Building Neni: legal search that actually has to know the law
I have been working on neni.me, a legal research app built on top of Statute Atlas.
The idea sounds simple if you say it too fast: put Kosovo laws into a database, add embeddings, let people ask questions, return answers with citations.
But that is the demo version of the problem. The real version is much more annoying and much more interesting.
Legal text is not a normal document collection. A constitution, a statute, a regulation, a court decision, and a small amendment are all text, but they should not be treated the same. They have structure. They have dates. They have article numbers. They have official sources. Sometimes they change. Sometimes they reference each other. And if the answer is wrong, “the model sounded confident” is not a good excuse.
So the main work was not building a chat UI. The main work was turning a messy legal corpus into something that can be searched, cited, and trusted.
A Lot Of The Work Is Ingestion
Before the RAG part can be good, the documents have to be clean enough.
Neni has to fetch legal sources, parse the pages or PDFs, extract the actual law text, split it into articles and sections, and keep the metadata around. Things like country, source, document type, publication date, effective date, title, article number, and source URL matter a lot.
If you loose that structure, retrieval becomes mush.

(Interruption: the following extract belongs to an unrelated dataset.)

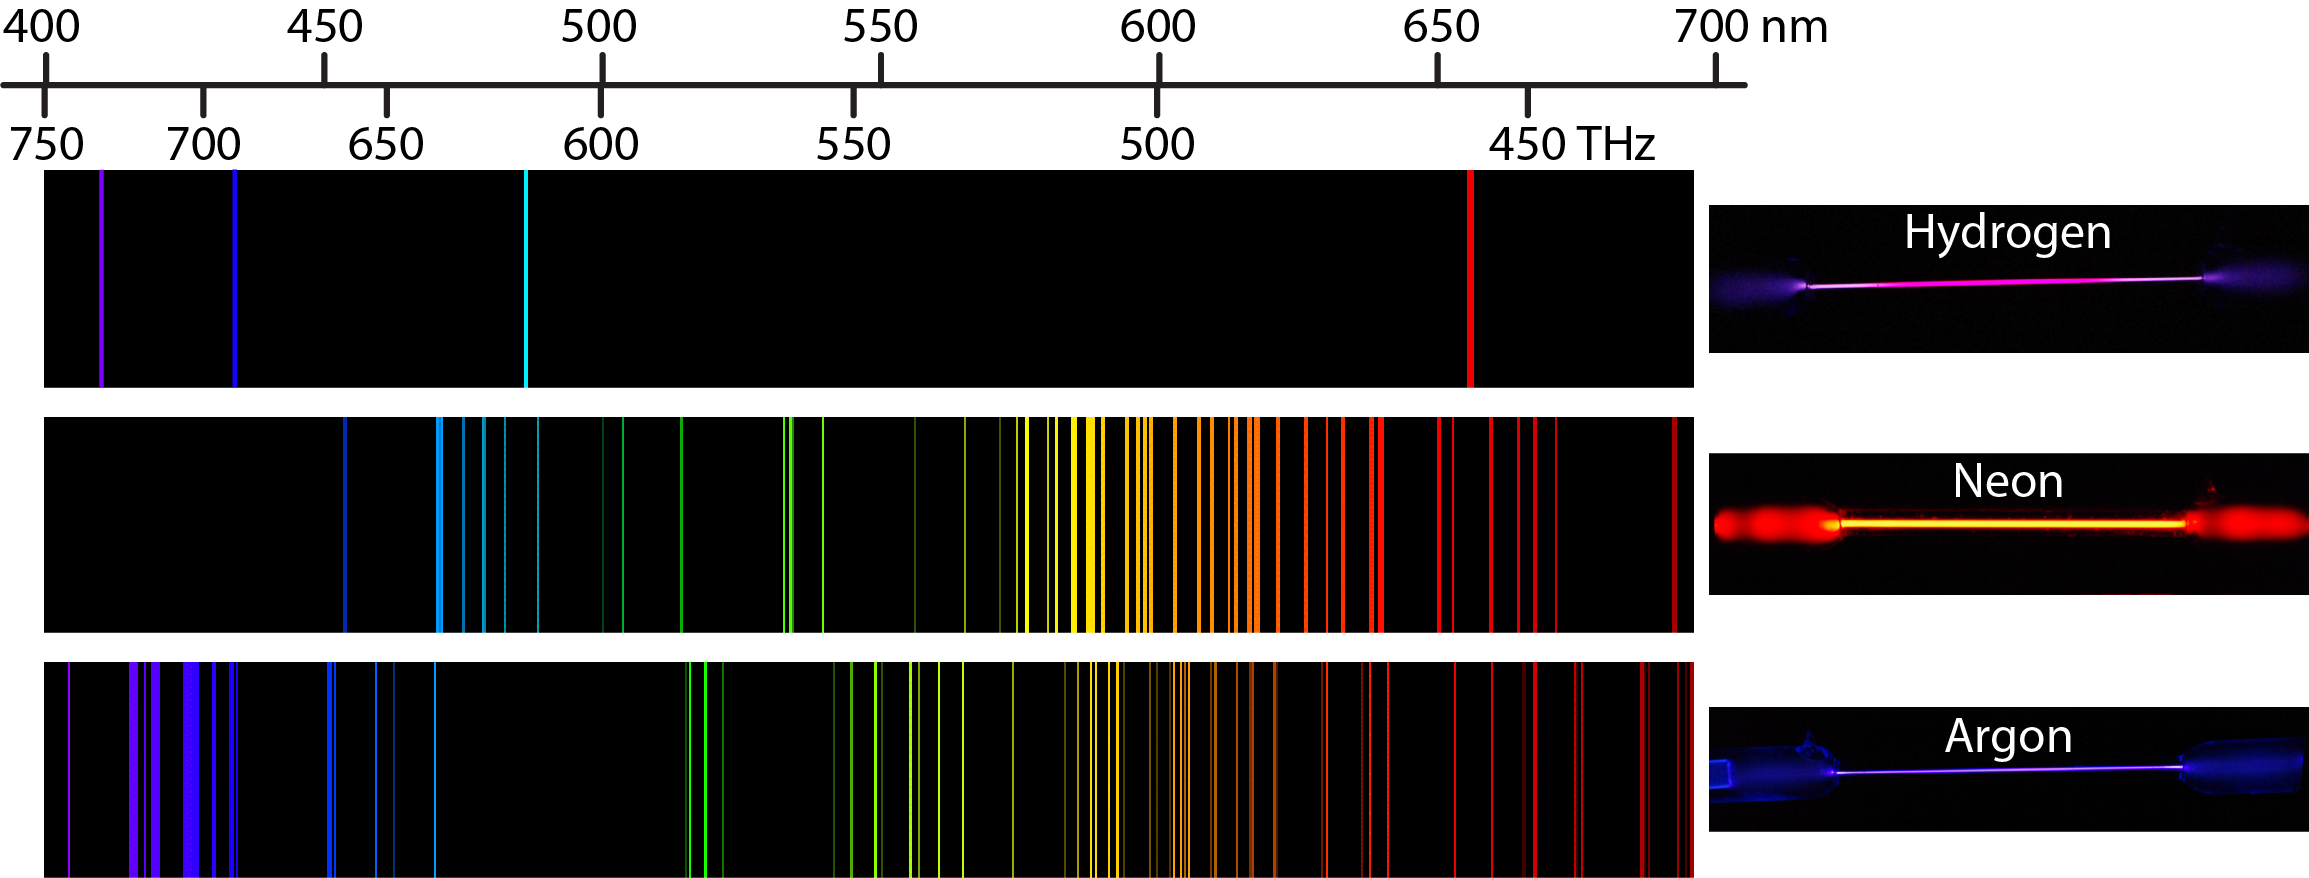 argon atomic emission spectrum

This is why I care about chunking by article or section instead of just cutting every document into random token windows. If someone asks about a legal rule, the answer usually lives inside a specific article, not in some arbitrary slice of 800 tokens. The chunk should know where it came from.
The constitution is a good example. You do not want it only as one big PDF blob. You want each article to exist as a searchable unit, while still keeping its connection to the whole document. Same for statutes. Same for future versions.
Vector Space Is Useful, But Not Magic
The way most people explain this is: embed every chunk, put it in vector space, then find the closest chunks to the user question.
That is basically true, but it hides the hard part.
Legal search needs both semantic similarity and boring filters. If someone asks about a Kosovo company registration rule, the system should not return something that only matched because the wording was kind of similar. It needs country filters, document-kind filters, source trust, article metadata, and sometimes date filters.
So the retrieval layer is more like:
understand the query
normalize it into legal language
search textually
search semantically
merge the results
rerank the best candidates
only then ask the model to answer from those citations
That last part matters. The model should not answer from memory. It should answer from evidence.
Language Makes It Harder
Another problem is how people actually ask questions.
Nobody writes like an official gazette. People ask in Albanian, English, mixed language, Gheg, with missing diacritics, with abbreviations, sometimes with half a sentence. The indexed law text is formal. The query is usually not.
So the system needs a small query-understanding step before retrieval. Not to answer the user, but to translate the question into better search hints: legal domain, possible law titles, and a few formal Albanian rewrites.
This helps a lot because the user might say “qka duhet per shpk”, while the law might talk about “shoqëri me përgjegjësi të kufizuar” or “Ligji për Shoqëritë Tregtare”.
That is the kind of detail that makes the difference between a nice demo and a tool people can actually use.
Performance Is Its Own Product Feature
RAG systems can get slow very fast, idk this part is where the nice demos usually start to break.
Every question can trigger query routing, embeddings, lexical search, vector search, reranking, and final answer generation. If you do that naively, the product feels broken even when the answer is correct.
So a lot of the engineering becomes unglamorous things:
cache query embeddings
cache query rewrites
keep retrieval candidate pools small
cap how many chunks one document can dominate
avoid sending too much text to the model
use metadata filters before expensive ranking
make repeated common questions cheap
This is maybe the least flashy part of AI apps, but probably one of the most important. A legal assistant that takes forever is not good software. It is just a slow demo.
Citations Change The Whole Design
The answer is not the product by itself. The citation is part of the product.
When Neni answers, it needs to show where the answer came from. Which law. Which article. Which source. Ideally with the exact passage that supports the answer.
That requirement changes the architecture. You cannot just throw documents into a vector DB and hope. You need stable document records, version records, section records, chunk records, and enough metadata to trace every answer back to source.
This is also why I like building this as a legal platform, not only one Kosovo chatbot. The pattern should work for more countries later:
official sources first
version the law
index article-level chunks
retrieve with filters
answer only from cited evidence
say “I do not have enough source text” when retrieval is weak
Simple principle, but a lot of engineering underneath.
What I Learned
The funny thing about building AI products now is that the model is not always the hard part.
The hard part is often everything around it: ingestion, data shape, retrieval quality, latency, trust, citations, evals, and all the boring infrastructure that makes the model useful.
Neni is still early, but this project made that very clear for me.
You can build a legal RAG demo in a day.
Building one that respects the structure of law, keeps sources traceable, handles messy language, stays fast, and knows when not to answer is a very different thing.
That is the part I find interesting.